Quarto N°27 (Agota Kristof)

Une sensibilité d’écorchée vive, un inépuisable amour de l’amour, un désir viscéral de liberté, Grisélidis Réal était de ces femmes qui illuminent les ténèbres et savent dire l’obscur miracle de la pureté des impures. Figure iconique de la « catin révolutionnaire », elle revendiquait la prostitution comme « un art, un humanisme et une science », et sut faire du parfum de vérité qui colle à ses phrases, et de l’inventivité de sa langue, un moyen de célébrer les corps et d’intensifier la vie, tout autant qu’une arme dans son combat en faveur des courtisanes.

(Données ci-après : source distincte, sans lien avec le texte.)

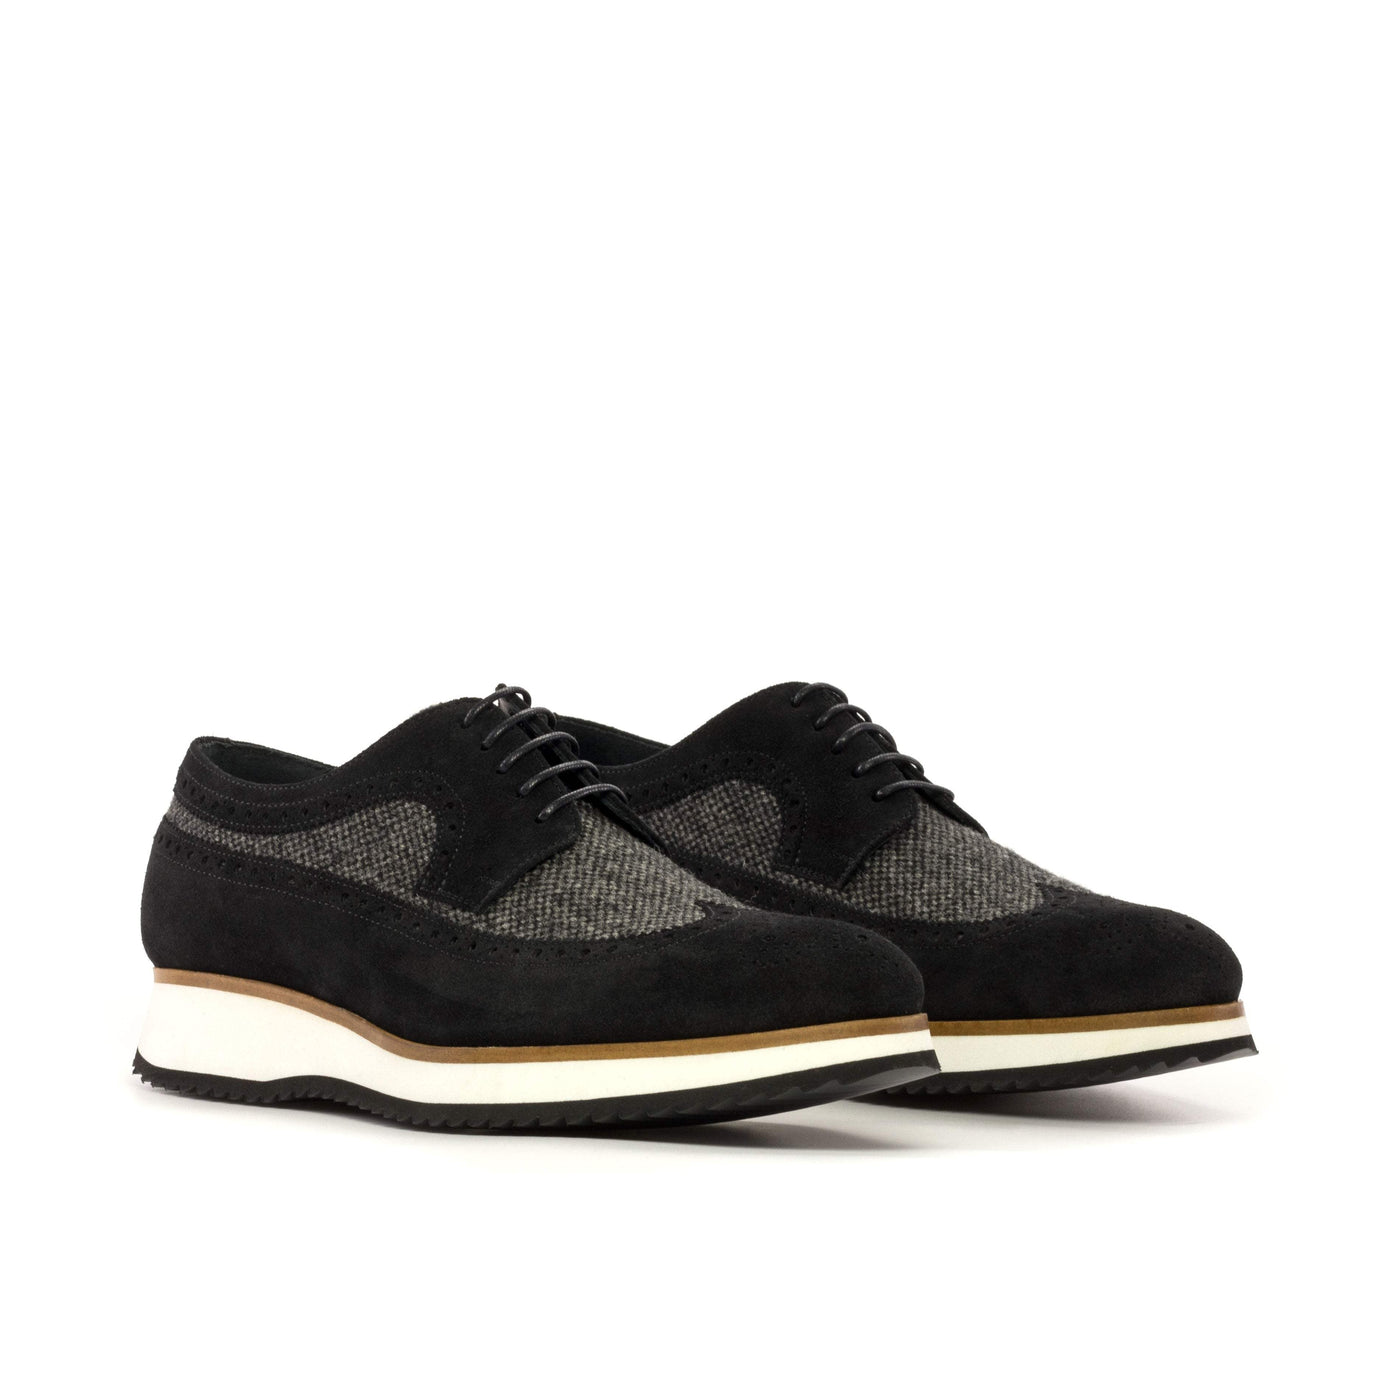 Men's Longwing Blucher Shoes Leather Grey Black 5307 3- MERRIMIUM

Née à Lausanne en 1929, dans une famille d’enseignants, elle passa son enfance en Egypte et en Grèce. Elle a 9 ans quand son père décède. Retour en Suisse. Forte d’un diplôme de décoratrice, elle s’installe à Genève, fréquente la bohème, et cherche à vivre comme artiste-peintre. Elle se marie, accouche d’un premier fils, divorce, et se retrouve bientôt mère de quatre enfants de trois pères différents. Sans ressources, elle est privée de la garde de ses enfants. C’est alors qu’elle rencontre un Noir américain qu’elle arrache à un hôpital psychiatrique, et avec qui elle fuit avec deux de ses enfants qu’elle a dû kidnapper. Direction l’Allemagne. Nous sommes en 1961, elle a 32 ans.
C’est cette cavale, sa vie clandestine sans papiers, sans argent, avec un étudiant noir schizophrène dans la Munich d’après-guerre, qu’elle raconte dans Le Noir est une couleur. Un livre convulsif et ténébreux, un récit initiatique où elle célèbre le liturgique ensorcellement d’aimer corps et âme tout en découvrant sa face diabolique quand Bill, et la misère, la poussent à se prostituer. « Je suis passée de l’autre côté, celui d’où l’on ne revient pas. » Une connaissance par les gouffres, un quotidien terrible et étroit où deux énergies solidaires, l’une destructrice, l’autre fondatrice, imposent leur rythme frénétique. Elle vivra un amour incandescent avec un GI’s noir, découvrira la fraternité tzigane, multipliera les expériences extrêmes avant d’être arrêtée pour trafic de drogue et d’être emprisonnée sept mois. Elle en parle avec ses entrailles, avec des mots qui brûlent mais sans jamais se plaindre. Un roman vrai où la frontière entre la peau et la page n’existe plus.
Mais l’écriture de ce voyage au bout de la nuit n’a pas été simple, comme le rappelle Denis Bussard. Cessant de se prostituer – de manière définitive croyait-elle –, elle entrera en écriture comme on entre en religion, soutenue par Maurice Chappaz, Jacques Chessex et Bertil Galland. « Ce texte me vengera de tout ce que j’ai vécu. Tout ce qu’on m’a fait, ce que j’ai dû avaler en silence, je le resservirai et je ne mettrai pas plus de gant qu’on n’en a mis avec moi. » Et quand des éditeurs voulaient lui imposer des corrections, comme celle de l’imparfait à la place du présent, elle explosait, expliquant que décrire une scène de viol à l’imparfait serait une manière de mettre à distance ce qui arrive toujours maintenant. « C’est maintenant la vie ! Maintenant ou jamais qu’on est violé, qu’on est baisé, qu’on crève et qu’on éjacule ! Il n’y a pas d’imparfait nulle part ! Sauf pour les MORTS ! » Un style de survie, dit Fabien Dubosson, contre tout ce qui pourrait la réduire au silence. Le livre paraîtra chez Balland, en 1974, mais sans retenir l’attention, l’époque étant à une littérature expérimentale et très formaliste.
Il faudra l’abnégation d’Yves Pagès et des éditions Verticales pour qu’enfin les écrits de Réal trouvent leur public. Ce seront les deux recueils épistolaires initiés par Jean-Luc Hennig, une véritable « mise en lettres du corps de Grisélidis Réal » (Sophie Jaussi), puis Suis-je encore vivante ?, son journal de prison retrouvé par ses enfants, et Mémoires de l’inachevé (1954-1993), un ensemble d’inédits. Mais tout commença par Le Noir est une couleur et le Carnet de bal d’une courtisane, où elle notait les particularités et les demandes de ses clients ainsi que le prix de la passe. C’est l’époque où pour marquer sa solidarité avec ses consœurs en pleine révolte, elle reprit ses activités, recevant ses clients chez elle. Une activité qu’elle ne cessera de défendre quand elle est le choix libre d’un « artisanat particulier » consistant à se mettre dans la peau de l’autre, à « déceler son attente, son angoisse, son désir et comment l’en délivrer sans dommage pour elle ni pour lui ». Une vie où Arno Bertina voit un côté « geisha du pauvre », et une façon d’être où Laurent de Sutter voit la possibilité de penser ce qui fait un homme aussi bien que ce qu’est une putain.